Separate Management Interface

The separate management interface offers administrators an independent interface to log in to the IWSVA device, either through the Web console or through SSH.
Enabling and disabling the separate management interface is done by setting the values and enabling them through the Network Settings page of the Deployment Wizard. You can use both IPv4 and IPv6 addresses.

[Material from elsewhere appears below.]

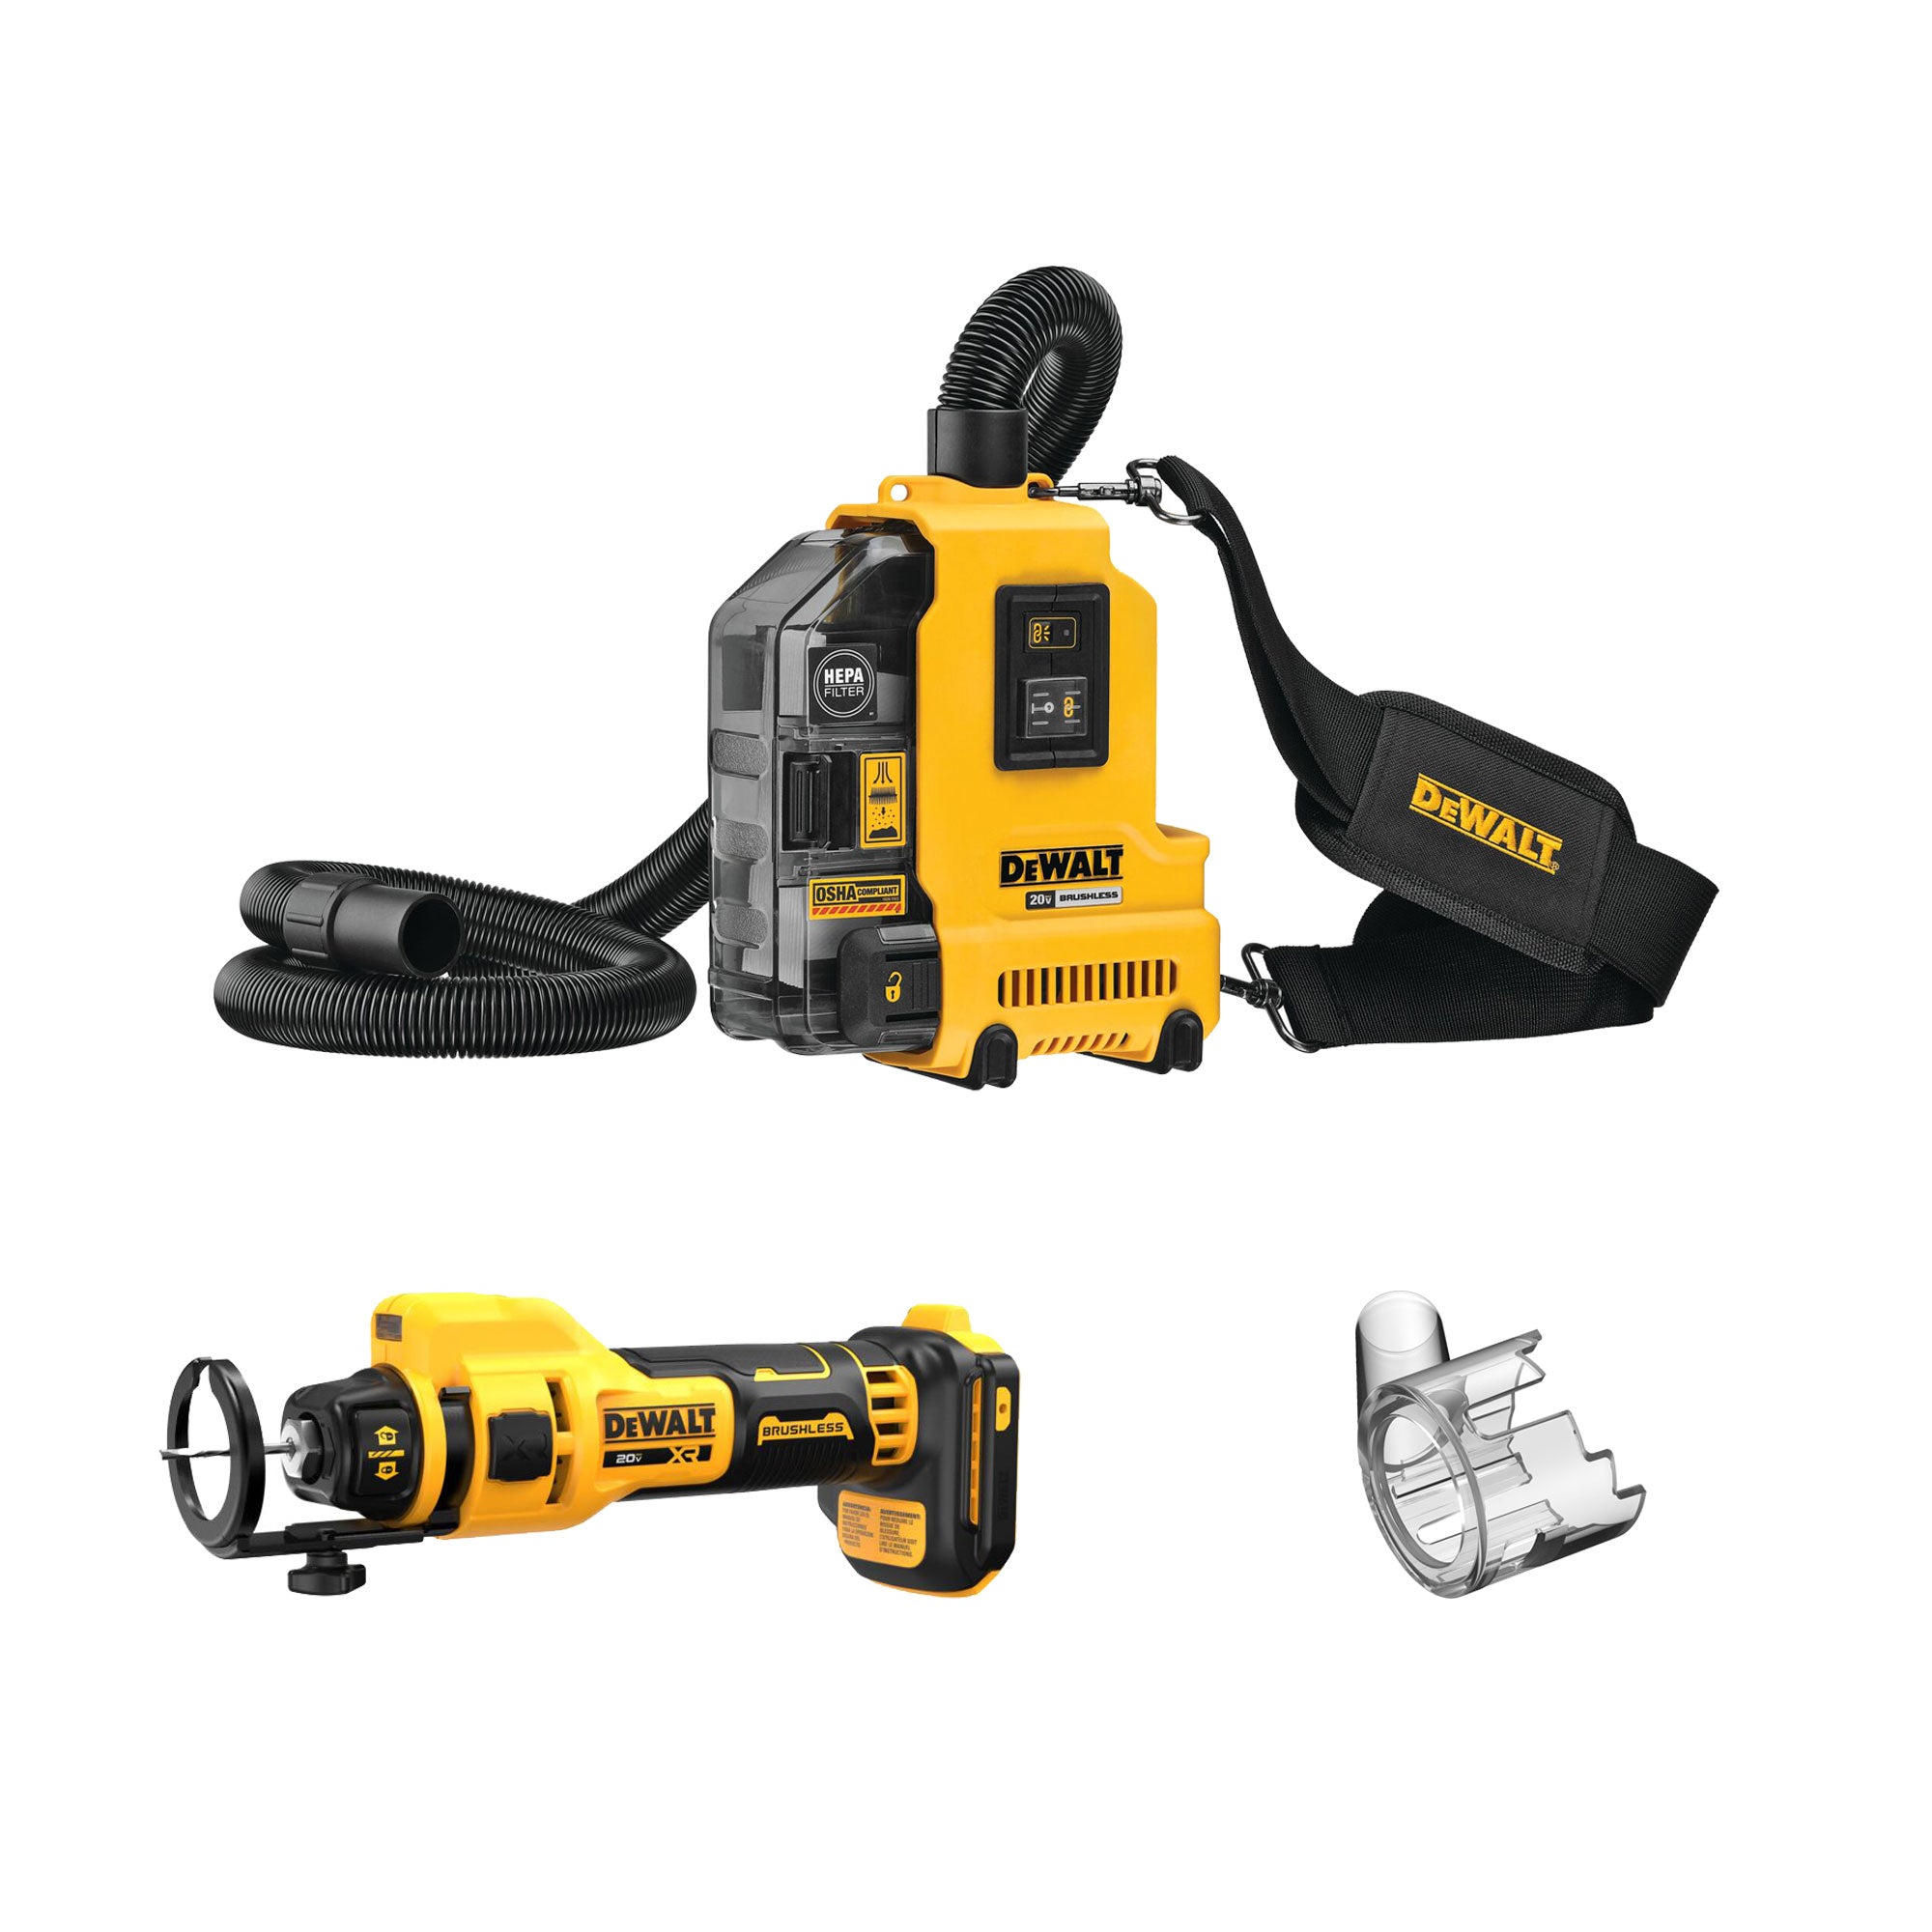 DEWALT DCE555B with DCE555DC & DWH161B 20V MAX Lithium-Ion Brushless Cordless Drywall Starter Kit with Drywall Cut-Out Tool, Dust Shroud Attachment, and 20V MAX Brushless Universal Dust Extractor

For more information, see Management Interface.
Before starting this procedure, be sure you have:
  • Selected your deployment mode
  • Configured any mode-specific settings
  • Configured the IWSVA host information
  • Configured the Data Interface information
To setup the separate management interface:
  1. Continue working from the Network Interface page of the Deployment Wizard.
  2. Check the check box for the Enable Management Interface.

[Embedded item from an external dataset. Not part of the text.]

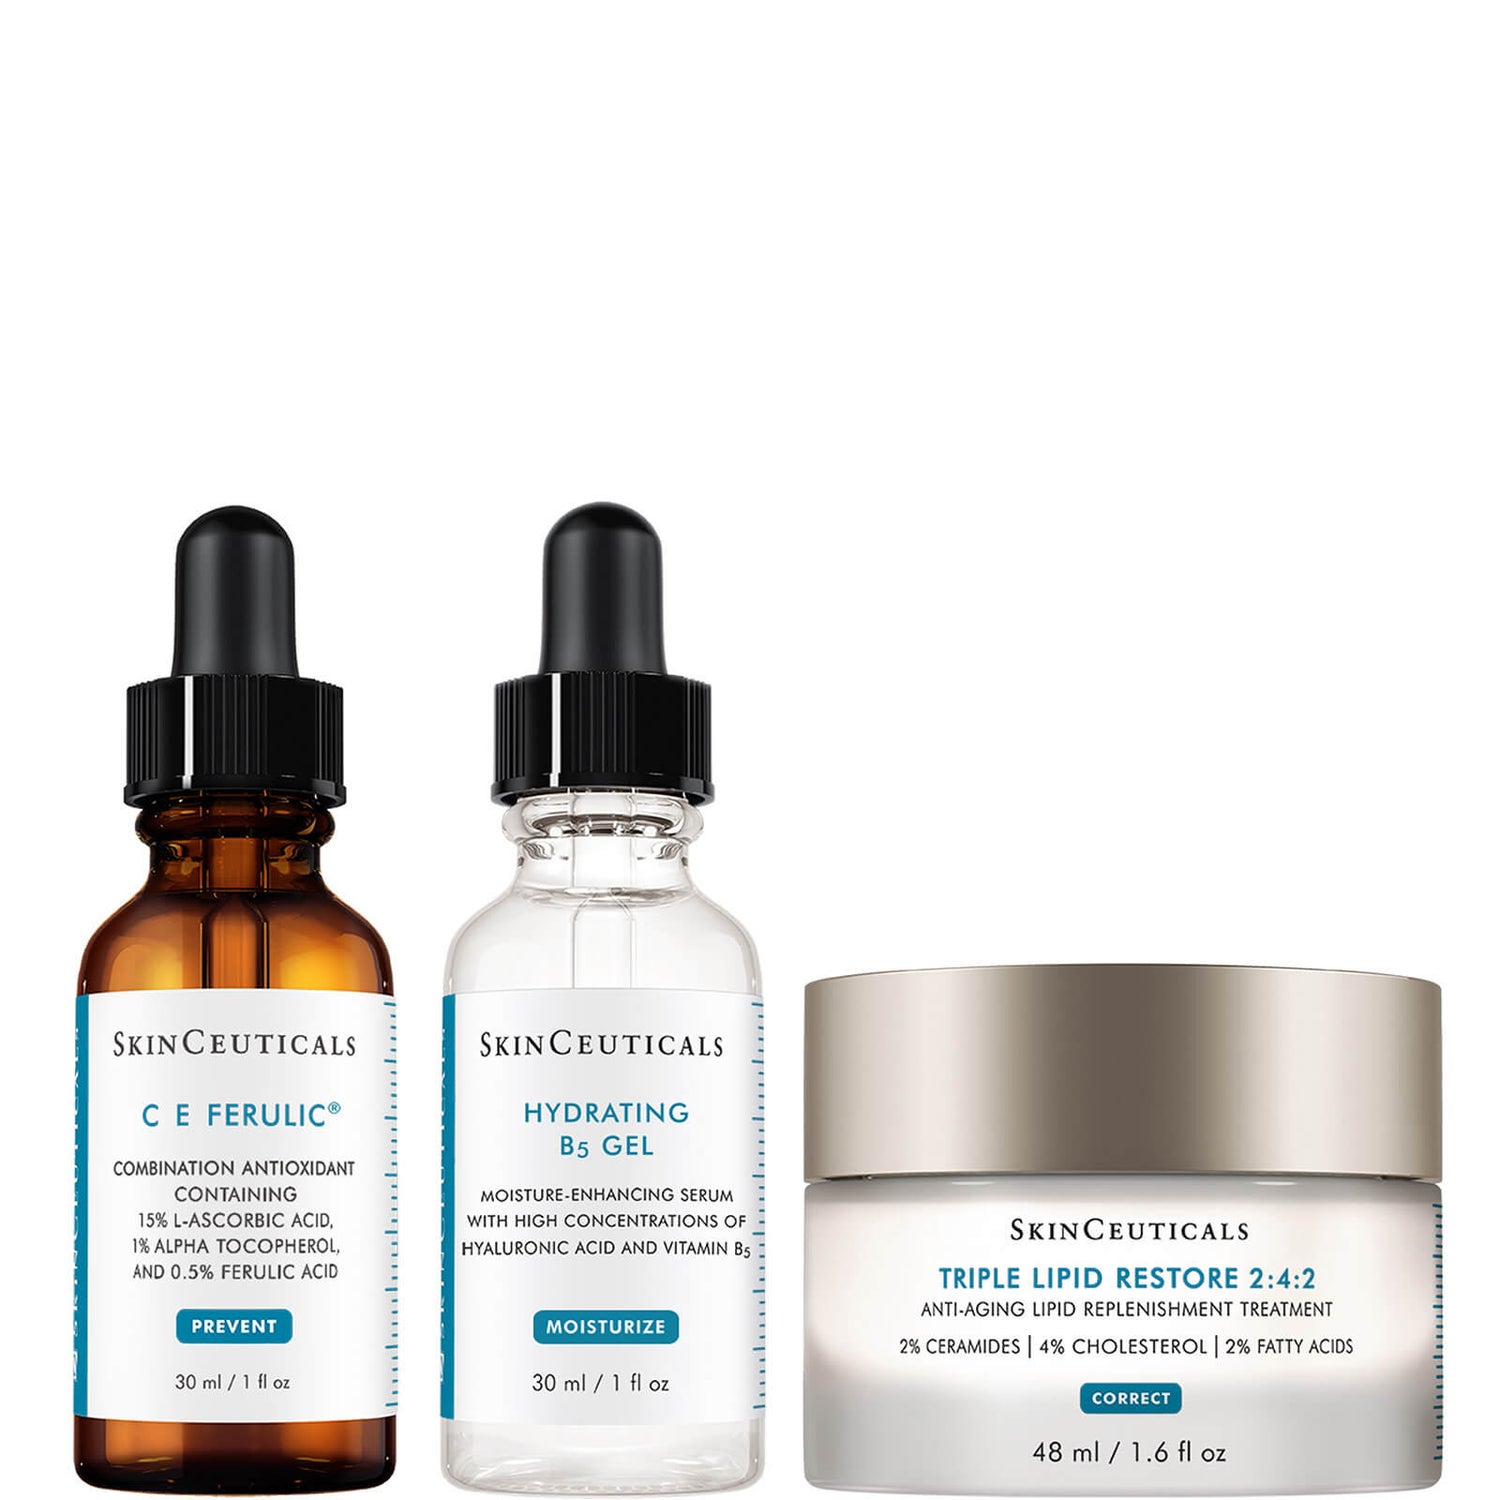 SkinCeuticals Anti-Aging Firming Set with C E Ferulic Vitamin C and Hyaluronic Acid

  3. Select an Ethernet interface from the drop-down list.
  4. Check the Enable Ping check box to check the connection. Select this option to respond to PING requests on the data interface. Disable this option if you do not want anyone to PING this interface.

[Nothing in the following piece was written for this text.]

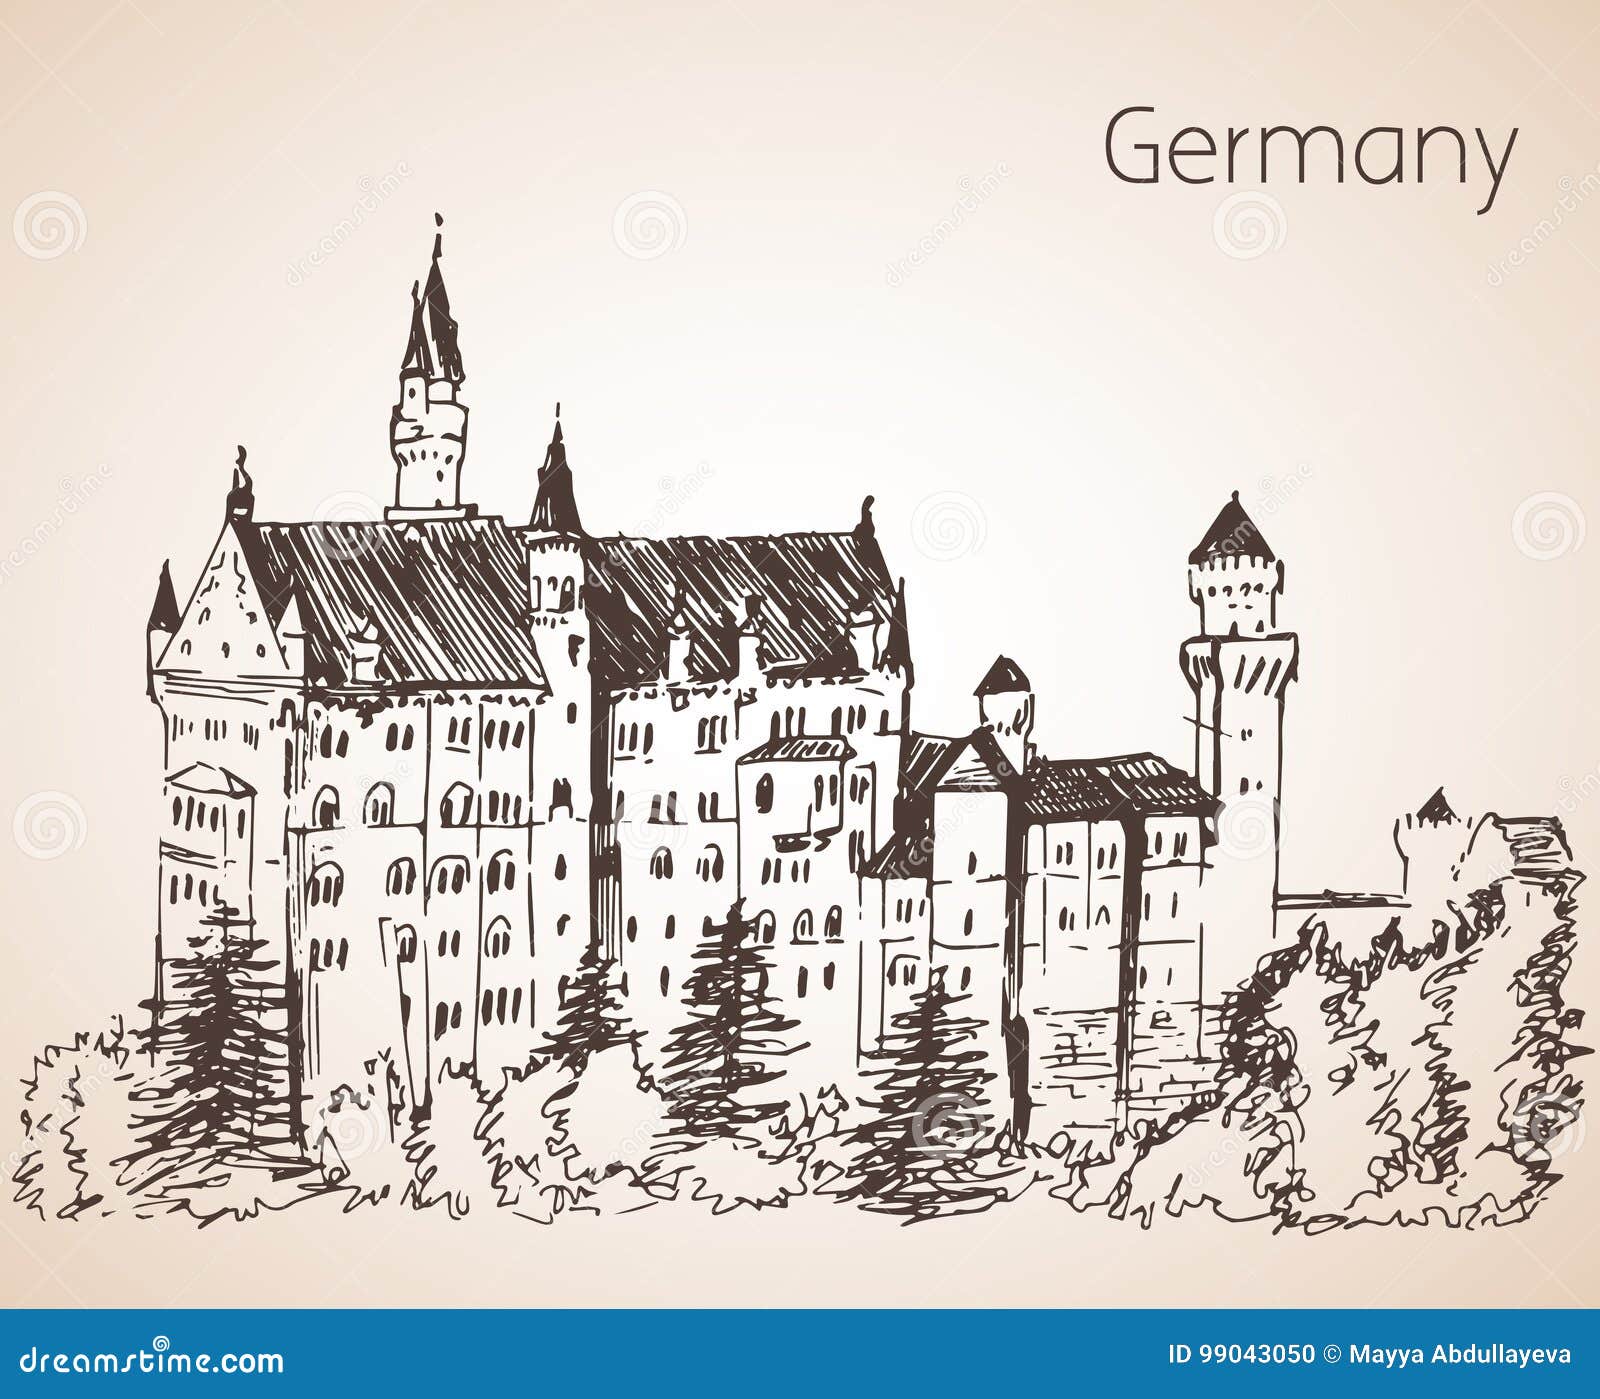 Premium AI Image | Here we have a drawing of the famous Neuschwanstein  Castle in the German Alps

    Activate PING on an interface allows you to issue PING commands to check the network status of the IWSVA appliance. For example, if there is no reply from IWSVA after a PING request, the appliance may be down or there is a problem with network connection.
  5. Enter a static IP address for the management interface device.
  6. Enter the netmask (subnet mask) for the management interface device.
  7. Do one of the following:
    • Continue with the deployment mode settings, if you are setting up IWSVA for the first time or
    • Click Next and click through the remaining screens if you have already setup your deployment mode and are just adding the separate management interface.

Miscellaneous Settings (IPv4 and IPv6)

The Miscellaneous Settings (IPv4 and IPv6) sections allow you to obtain the dynamic information from DHCP or enter static information for:
  • Gateway IP addresses
  • Primary DNS server IP addresses
  • Secondary DNS server IP addresses
Before starting this procedure, be sure you have:
  • Selected your deployment mode
  • Configured any mode-specific settings
  • Configured the IWSVA host information
  • Configured data and management interface information
To configure the Miscellaneous settings:
  1. Continue working from the Network Interface page of the Deployment Wizard.
  2. Scroll to the Miscellaneous Setting section.
  3. Do one of the following:
    • Check the Obtain from DHCP check box to have IWSVA obtain the dynamic Gateway, Primary, and Secondary DNS information OR
    • Type in the Gateway, Primary, and Secondary DNS information if it is static
      Parameter Description
      Gateway For static IP address configuration of the network device, type in the applicable (IPv4 or IPv6) IP address used as the gateway for this IWSVA installation.
      Primary DNS For static IP address configuration of the network device, type in the applicable IP address used as the primary DNS server for this IWSVA installation
      Secondary DNS For static IP address configuration of the network device, type in the applicable IP address used as the secondary DNS server for this IWSVA installation.
  4. Click Next.
  5. Continue to Static Routes.
    Note
    Note
    If you are joining an existing cluster, go to Summary.